Posted February 03, 2016 in MH Krasnoyarsk, Russia:
Notes From Near and Far: MH Russia

by Aliz Trombitas.

Greetings from Siberia, where I was recently assigned. One of the first sentences I learned in Russian is one that means, "I am cold." Then in a few days I had to learn a new one because the first one wasn’t strong enough for the steady -25° C (-13° F) temperatures we were experiencing—in mid-October!

Four days a week, I am studying Russian at the university. Most of my classmates are Chinese or Mongolian, but I also have some from Spain and Barbados and somebody just arrived from Syria. I am really enjoying my classes and I have excellent teachers.

For now, while I am learning Russian, Catherine Lesage, my director and fellow staff worker, is doing most of the usual nitty-gritty work at the house and I help out as I can.
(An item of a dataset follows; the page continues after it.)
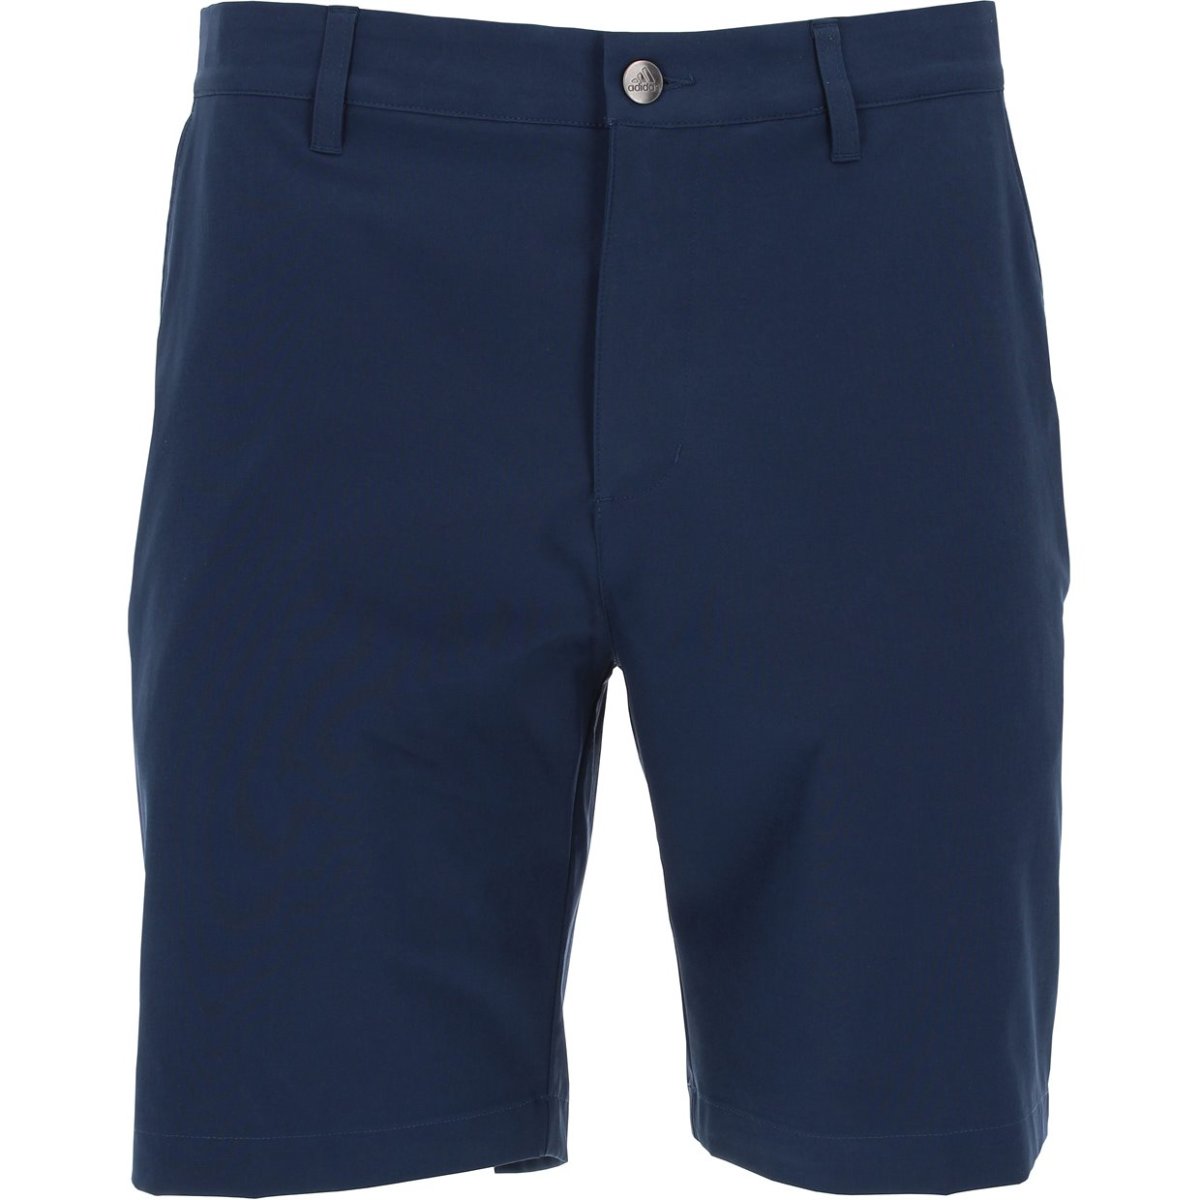 Shop Adidas golf shorts for men, like the Ultimate365, on Morning Read's online pro shop, powered by GlobalGolf.

Almost every day, one or another of our friends is asking us to help out in one way or another—to drive him to a doctor, to have tea with her and listen, or to attend a birthday party or host one in our house.

With the help of one of our friends, and like most Russians, we made a supply of sauerkraut for the winter. We also celebrated with some local Sisters the feast of their founder, St. Charles Borromeo.

We now have a second apartment which we have made into a poustinia room and guest room. The poustinia is being used once or twice a week (sometimes just for a few hours). The guest room has been used as well on more than one occasion since I’ve been here, like when some Sisters from out of town stayed with us.

We recently had an opportunity for a hike to a mountain called Stolby near the city, and every once in a while we go out for a longer walk along the Yenisei River.

A few weeks ago a woman named Galina Maslenikova came from Moscow to give the second of a three-part conference to our parishioners (and others) about Natural Family Planning. She is a family therapist but for the past twenty-five years, she has been doing pro-life work.

The first conference was at the end of September. We can tell she was well received because a lot more people attended the second time. There were about thirty in all, mostly young women, but some young men came as well.

Galina stayed in our guest room and when not giving the conference, she was available to talk with these young women and couples one-on-one.

I found her an excellent speaker. She connected immediately with the audience, told them the history of contraception and abortion laws in Russia, and gave them some very practical information.

The openness of the group was palpable, and they asked lots of good questions. By the end of the weekend, though we were all tired, we were full of excitement and new life.

I find this conference the most exciting thing happening at our parish right now, and I hope and pray that we will see some effects of it.

Next weekend, Catherine and I will be attending a Marian Conference in Irkutsk, a conference which will be attended by people from all over Russia.

I am looking forward to meeting our bishop and the religious of the diocese and whoever else God wants us to connect with. I am also looking forward to the 18-hour train ride on the Trans-Siberian Railway and discovering the beauty of nature in Siberia.